---
layout: post
title: "Refinements 101 (contd.)" 
date: 2013-01-27 16:12
author: Ranjit Jhala
published: true 
comments: true
external-url:
categories: basic
demo: refinements101reax.hs
---

Hopefully, the [previous][ref101] article gave you a basic idea about what
refinement types look like. Several folks had interesting questions, that
are worth discussing in a separate post, since they throw a lot of light 
on the strengths (or weaknesses, depending on your point of view!) of
LiquidHaskell.

<!-- more -->

\begin{code}
module Refinements101Reax where
\end{code}

How to relate outputs and inputs 
--------------------------------

Recall the function `divide`

\begin{code}
{-@ divide :: Int -> {v: Int | v /= 0 } -> Int @-}
divide     :: Int -> Int -> Int
divide n 0 = error "divide by zero"
divide n d = n `div` d
\end{code}

and `abz` was the absolute value function

\begin{code}
abz               :: Int -> Int
abz n | 0 < n     = n
      | otherwise = 0 - n
\end{code}

[nanothief](http://www.reddit.com/user/nanothief) [remarked][qreddit101]
that LiquidHaskell was unable to verify the safety of the following call to
`divide` (i.e. was unable to show that `x` was non-zero at the callsite).

\begin{code}
{-@ f :: Int -> Int @-}
f x | abz x == 0 = 3
    | otherwise  = 3 `divide` x
\end{code}

Nanothief correctly argues that the code is clearly safe as *"`abz x == 0` being false implies `x /= 0`"*. 
Indeed, the code *is safe*, however, the reason that LiquidHaskell
rejected it has nothing to do with its inability
to  *"track the constraints of values based on tests using new values derived from that value"* as Nanothief surmised,
but instead, because LiquidHaskell supports **modular verification** 
where the *only* thing known about `abz` at a *use site* is 
whatever is specified in its *type*. 

\begin{code}Concretely speaking, the type 
abz :: Int -> {v: Int | 0 <= v }
\end{code}

is too anemic to verify `f` above, as it tells us nothing 
about the *relationship* between the output and input -- looking at it,
we have now way of telling that when the *output* (of `abz`) is 
non-zero, the *input*  must also have been non-zero.

\begin{code}Instead, we can write a *stronger* type which does capture this information, for example
abz :: x:Int -> {v:Int | v = (if (x > 0) then x else (0 - x))}
\end{code}

\begin{code} where 
v = (if p then e1 else e2)
\end{code}

\begin{code} is an abbreviation for the formula 
(p => v == e1) && ((not p) => v = e2)
\end{code}

With this specification for `abz`, LiquidHaskell is able to reason that
when `abz x` is non-zero, `x` is also non-zero.

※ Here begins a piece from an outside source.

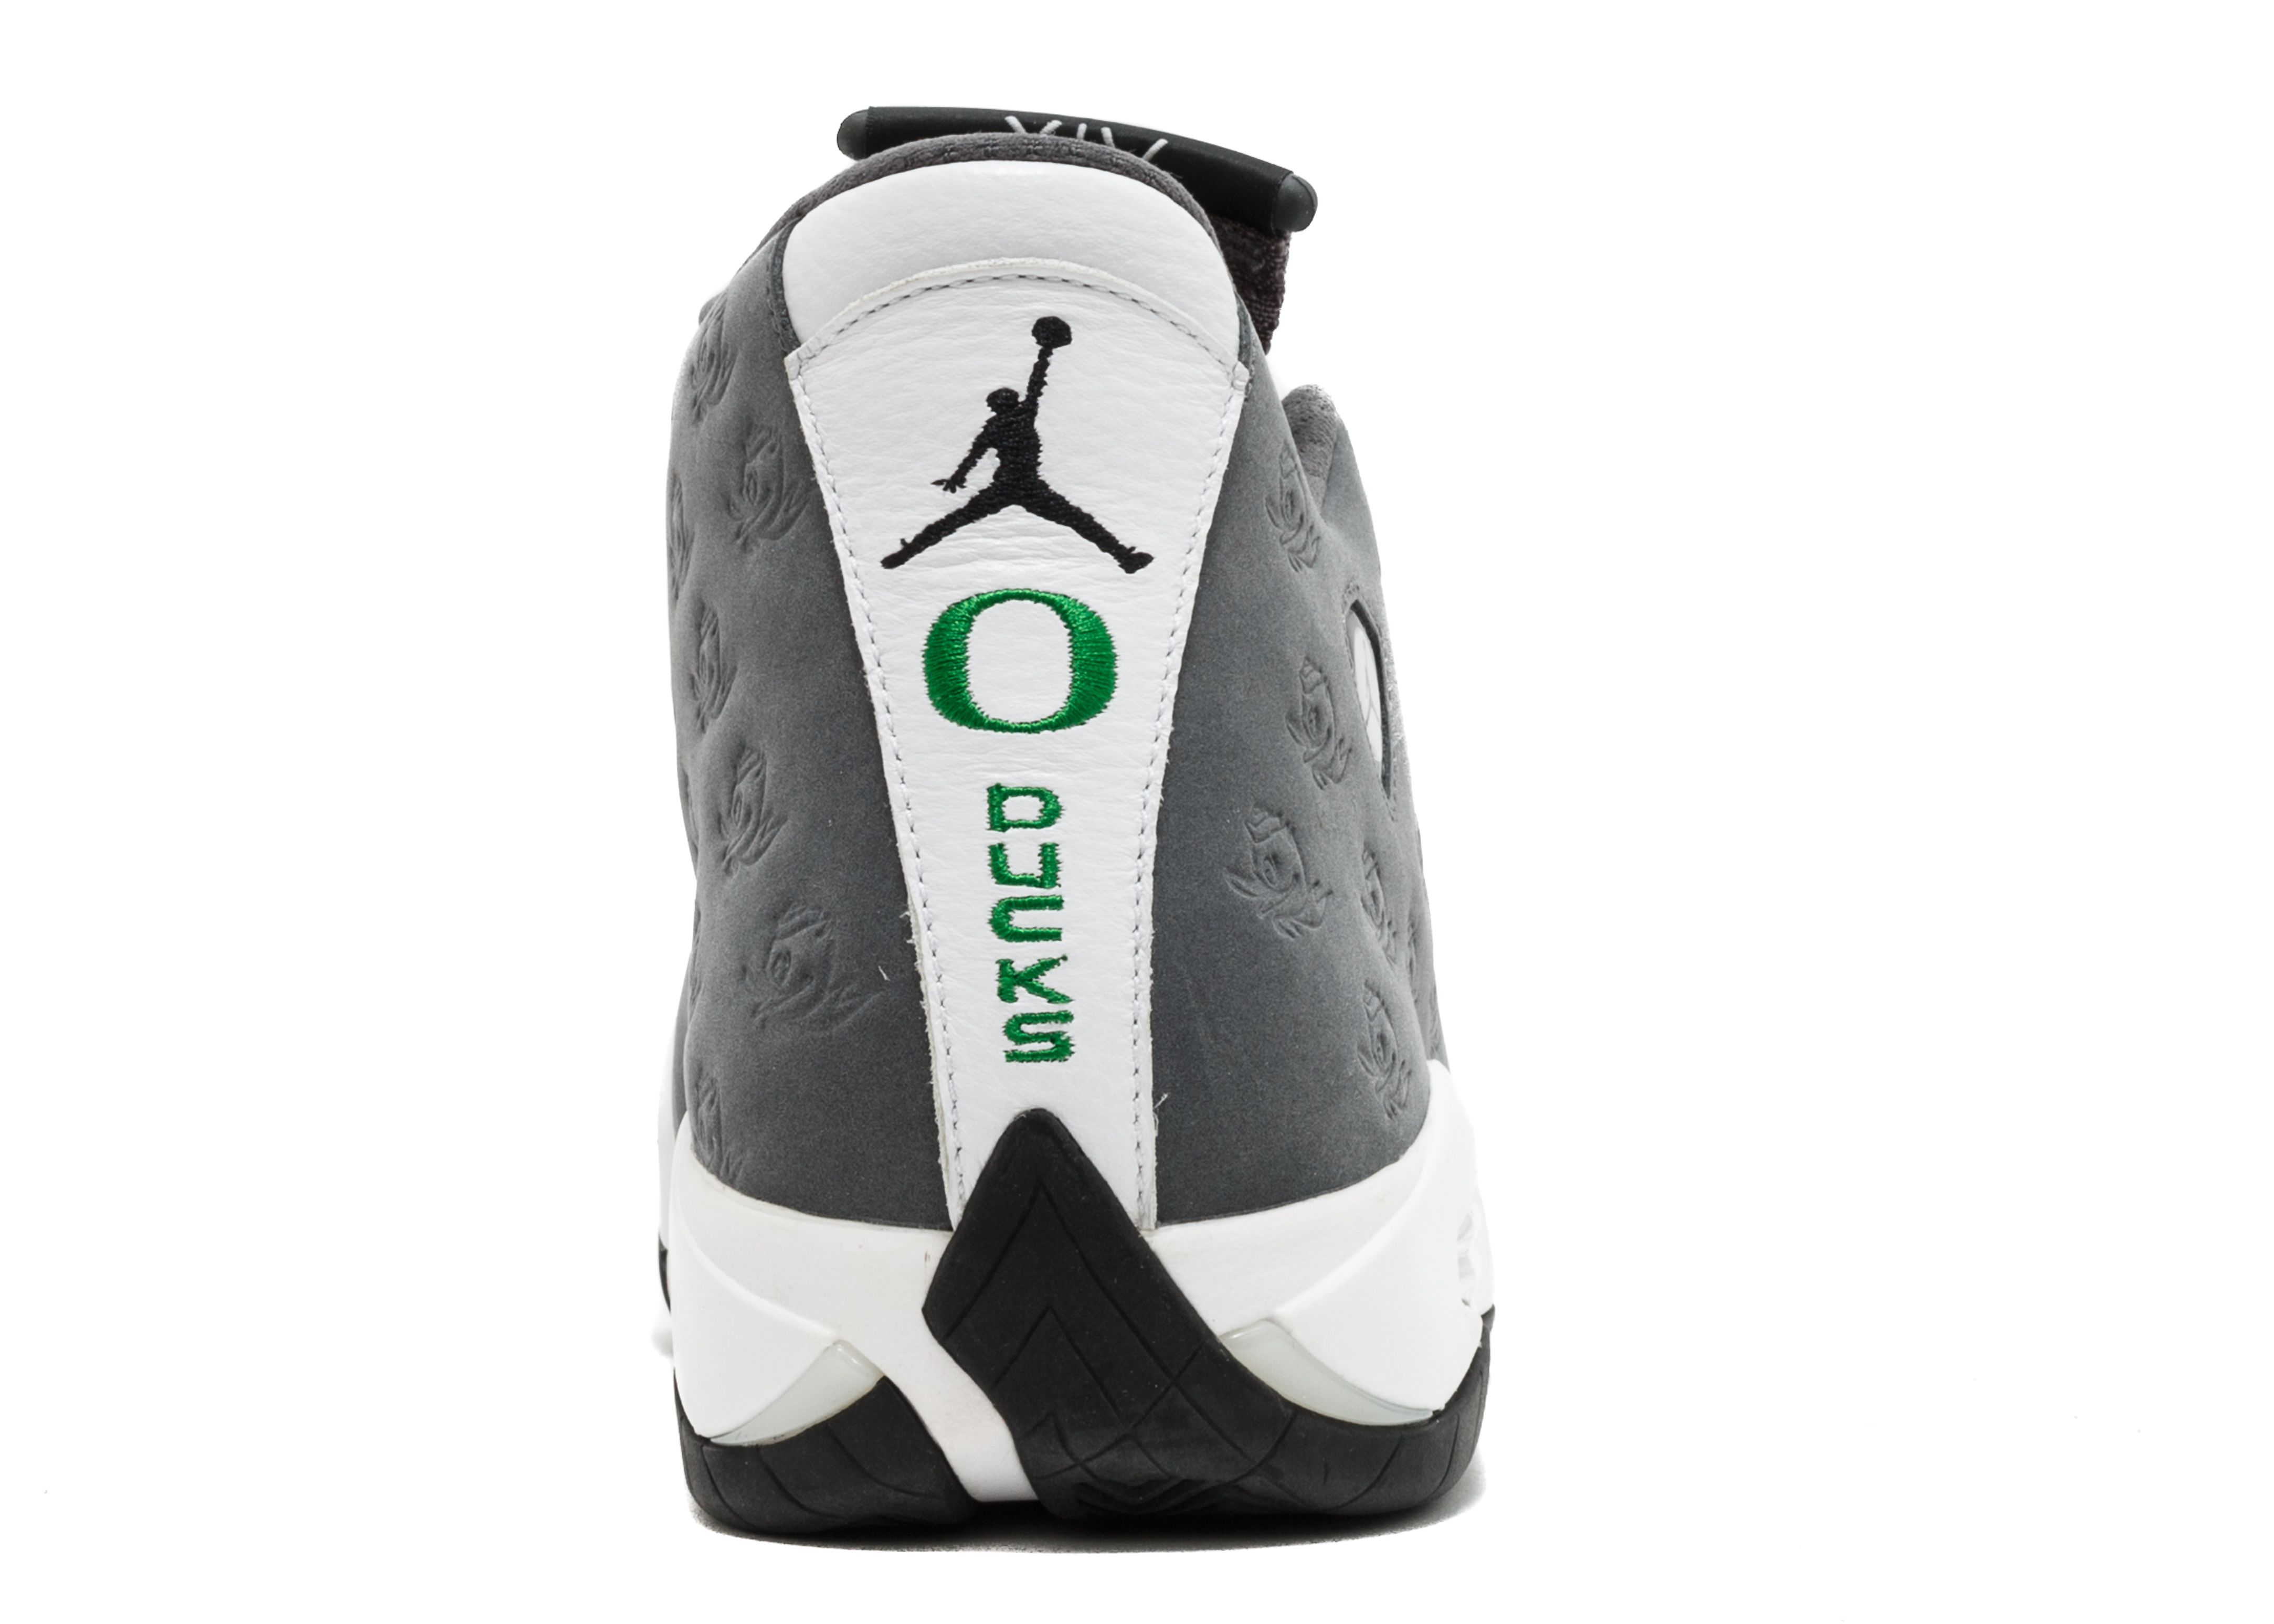 Only 330 Pairs Of The Air Jordan 14 “Oregon Ducks” PE Exist

Of course, `abz` is trivial 
enough that we can very precisely capture its *exact* semantics in the 
refinement type, but thats is rarely the case. 

Nevertheless, even here, you could write a somewhat *weaker* specification,
that still had enough juice to allow the verification of the `divide` call
in `f`. In particular, we might write

\begin{code}
{-@ abz :: x:Int -> {v:Int | ((0 <= v) && ((v = 0) <=> (x = 0))) } @-}
\end{code}

which states the output is `0` *if and only if* the input is `0`.
LiquidHaskell will happily verify that `abz` implements this specification,
and will use it to verify the safety of `f` above.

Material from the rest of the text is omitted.